After Ray complained, McDowell told her that she would no longer be allowed to come in early and work voluntary overtime.
Ray filed an EEOC complaint and sued.
The trial court dismissed her suit, finding that denying an employee the ability to work voluntary overtime is not an “adverse employment action.”
Ray appealed, arguing that denying her the ability to work voluntary overtime cost her a “significant part of her earnings.”

Held: The Court held that denying voluntary overtime for making an EEOC complaint can qualify as an adverse employment action justifying a retaliation suit.

Equal Employment – Discrimination – Title VII forbids any employment practice that discriminates against an employee (or prospective employee) on the basis of race, color, religion, sex, or national origin

Title VII – Hostile Work Environment – An employee may take action against an employer for creation of a hostile work environment. To do this, the employee has to show:
– That there was “unwelcome conduct”
– This conduct was based on the defendant’s race, color, religion, sex, or national origin
– The conduct was serious or pervasive enough to create an abusive work environment or change her conditions of employment
– The employer is responsible

Employer Responsibility – An employer is responsible if the supervisor is harassing an employee and that harassment results in a significant change in employment status.
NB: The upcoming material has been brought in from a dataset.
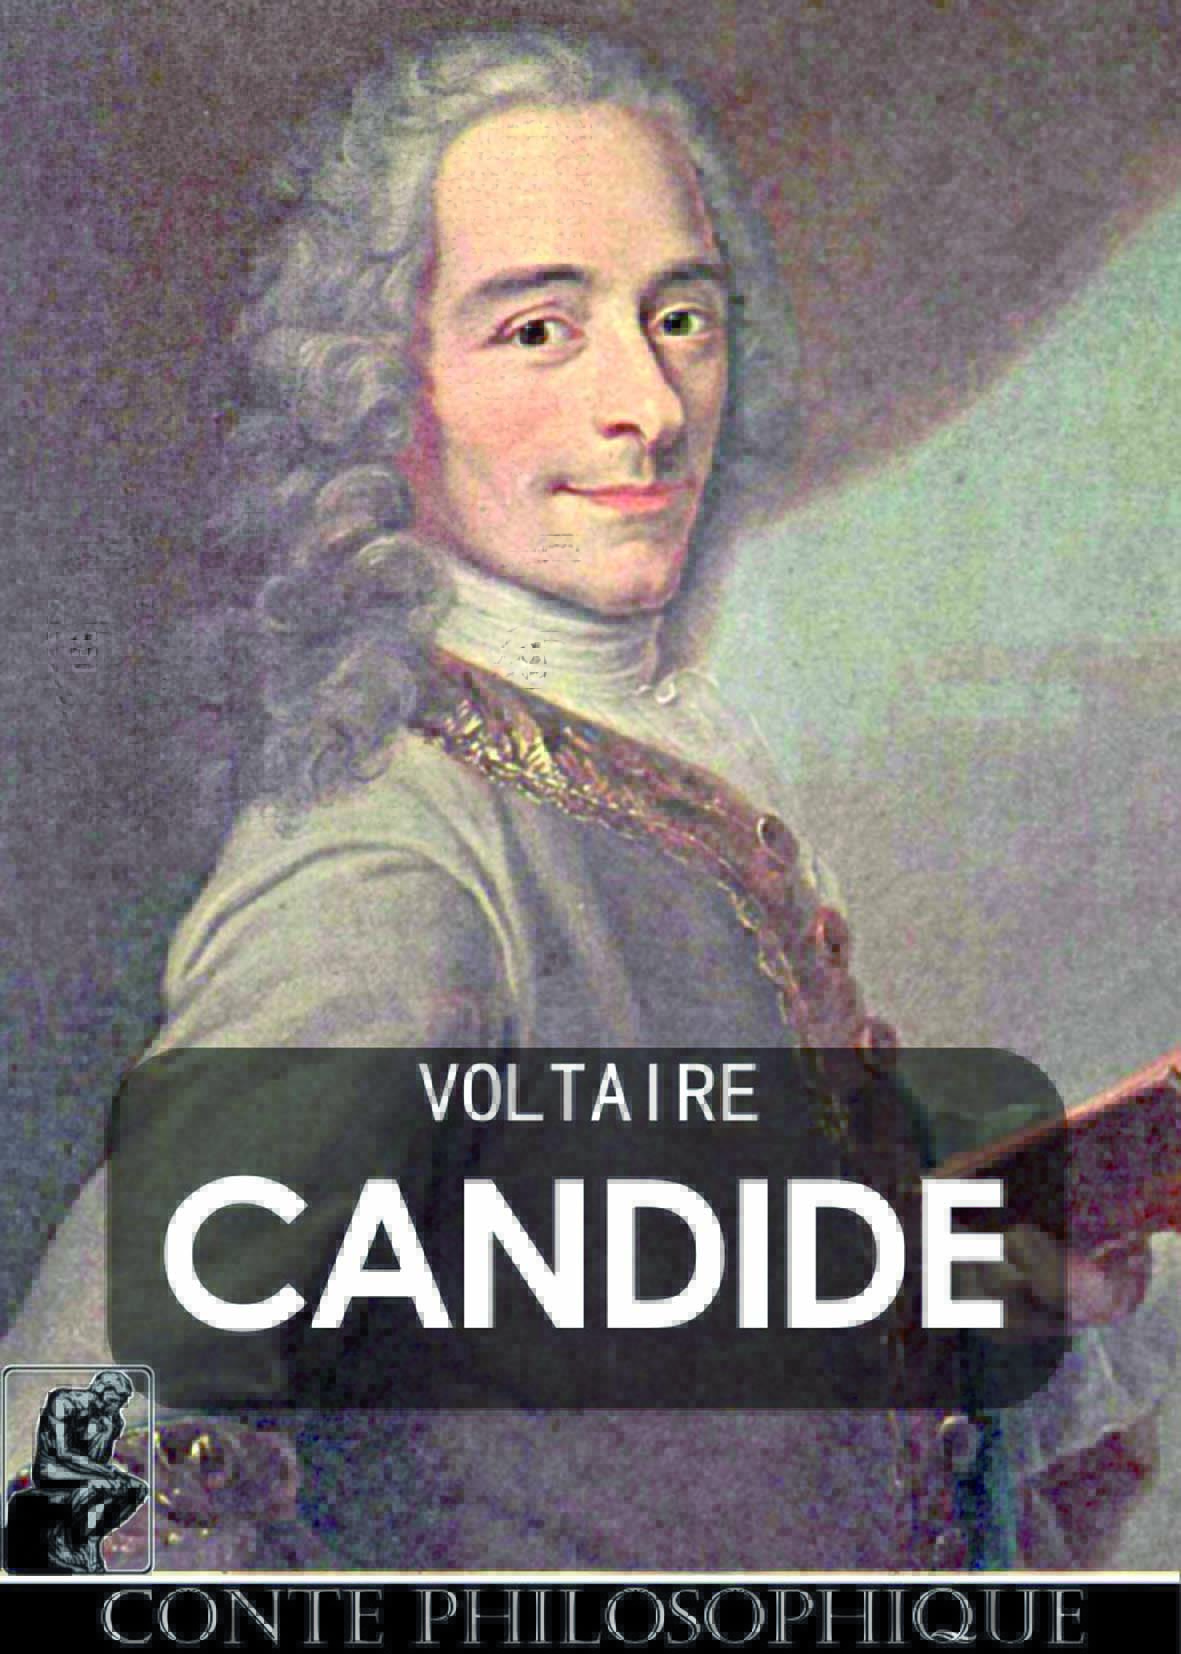 Heureux qui, comme l’élève marocain, a lu Voltaire

From the Case: “Here, the record shows that McDowell was responsible for the decision to eliminate Ray’s voluntary overtime work. McDowell’s direct involvement in the action obviates any concern about whether his conduct could be imputed to IPC. Additionally, Ray testified that McDowell repeatedly had offered her money in exchange for sex. On one occasion after eliminating her ability to perform voluntary overtime work, McDowell asked Ray whether she wanted to make extra money and told her to meet him after work. Thus, on the present record, it is impossible to separate McDowell’s motive for eliminating Ray’s voluntary overtime work from McDowell’s inappropriate conduct.”

Employer Responsibility – If someone other than a supervisor is harassing an employee, the employer is not responsible if: 1) they exercised reasonable care to prevent and correct this behavior and 2) the victim failed to take advantage of these opportunities provided by the employer

Title VII – Retaliation – It is illegal to retaliate against an employee for filing a complaint that she is being discriminated against on the basis of race, color, religion, sex, or national origin.
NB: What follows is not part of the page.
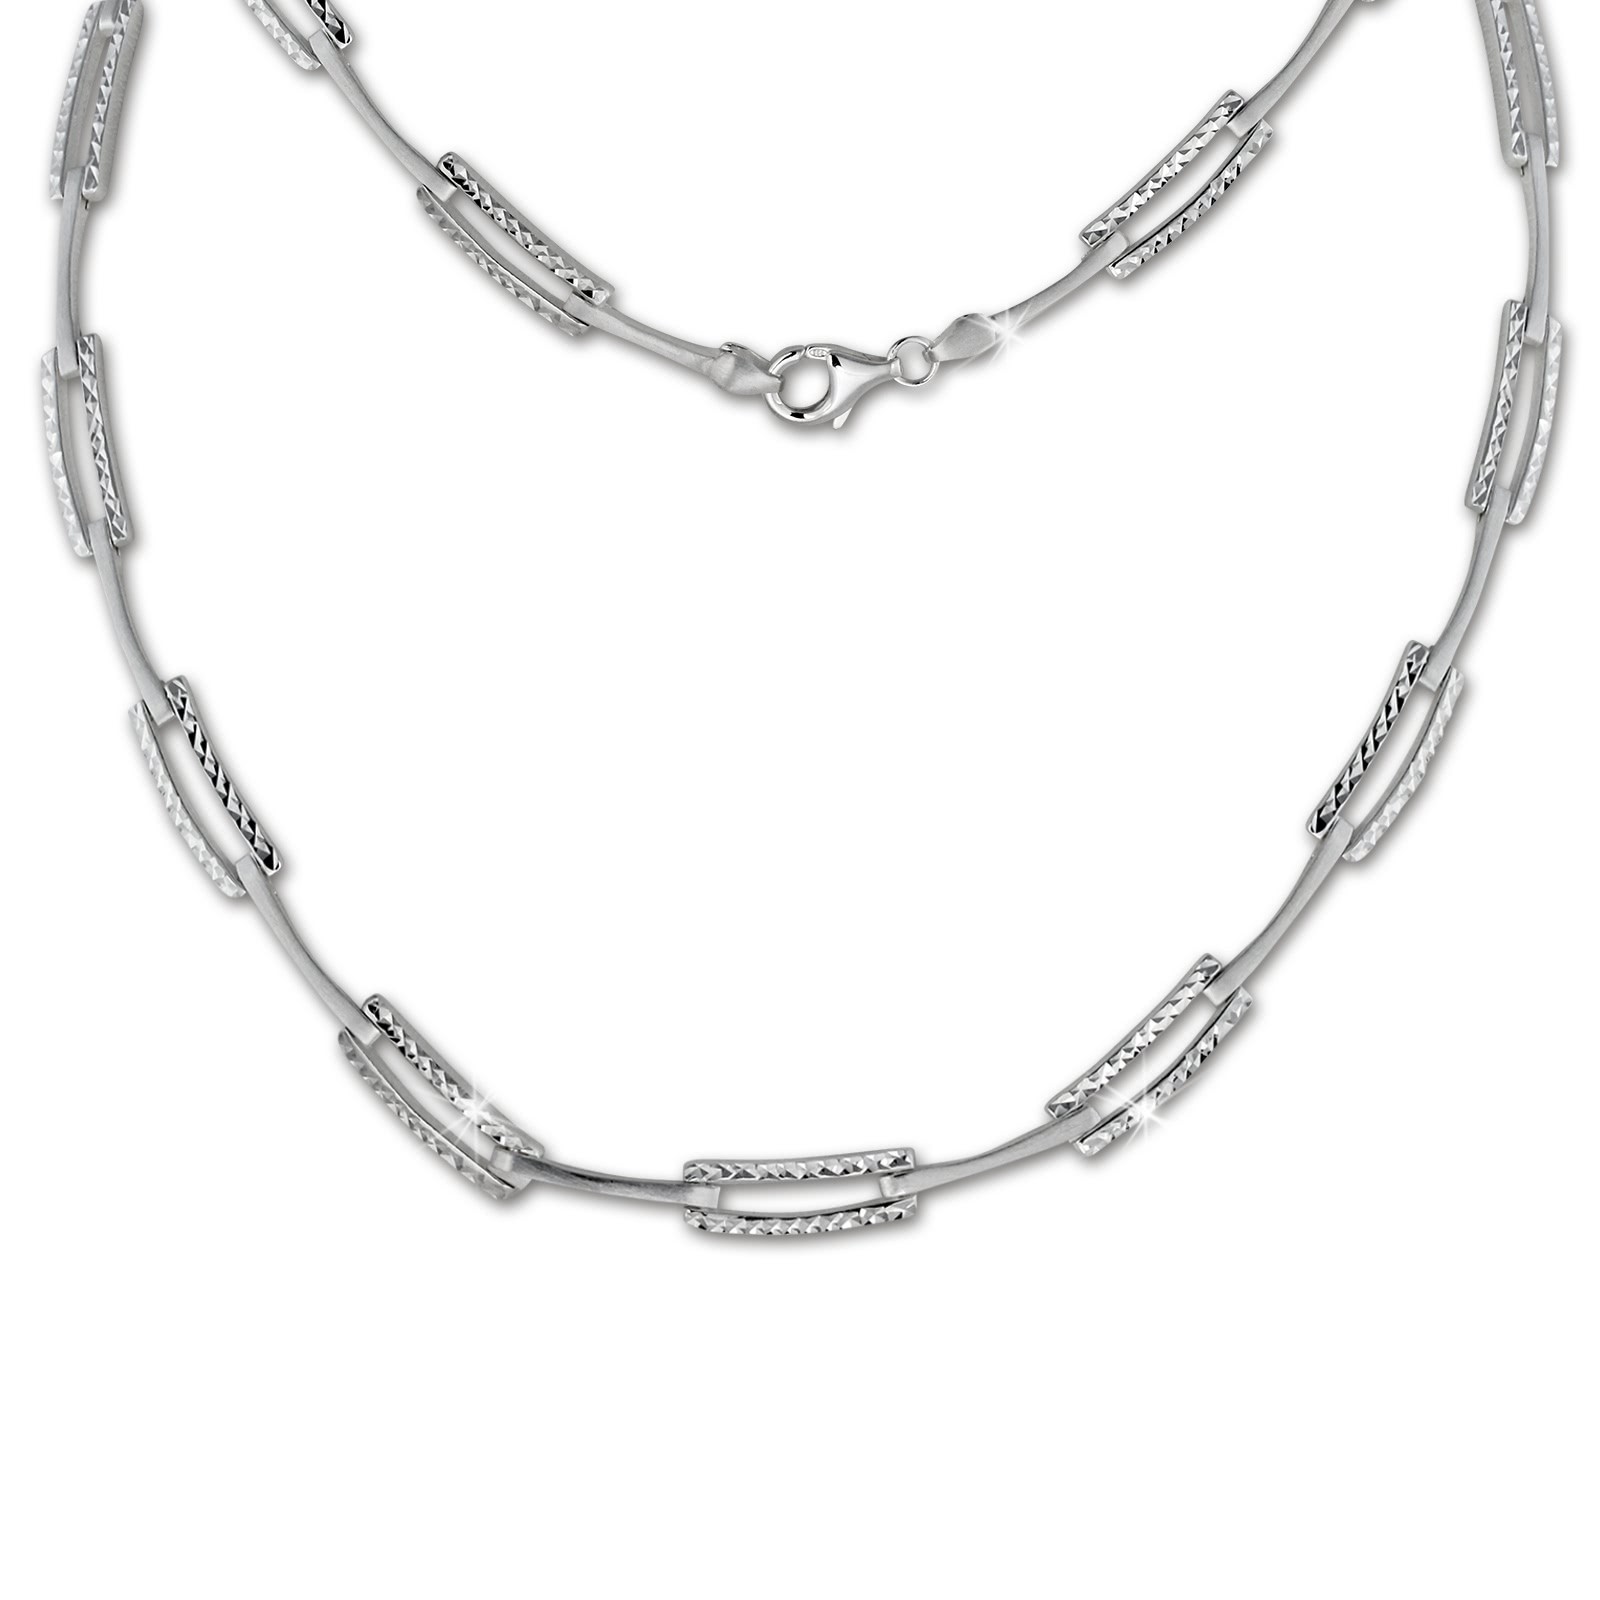 SilberDream Collier Kette diamantiert 925 Silber 44cm Halskette SDK442J

Title VII – Retaliation – To prove retaliation, an employee can either show:
1) Direct evidence of discrimination
OR
2) Show that:
– She was engaged in a protected activity (filing a complaint, for example)
– the employer acted against her
– and there is reason to believe that it was her protected activity that caused the action against her

Title VII – Retaliation – In order for something to count as “retaliation,” it has to be “materially” adverse (enough to keep someone from complaining in the future)

From the Case: “The district court determined that Ray’s loss of voluntary overtime work was not a materially adverse action because there was no evidence that her income decreased as a result. We disagree. As explained above, Ray has adduced sufficient evidence at this stage of the proceedings that she earned substantially less income after complaining about McDowell’s conduct. On its face, this decrease in income constituted an adverse employment action.”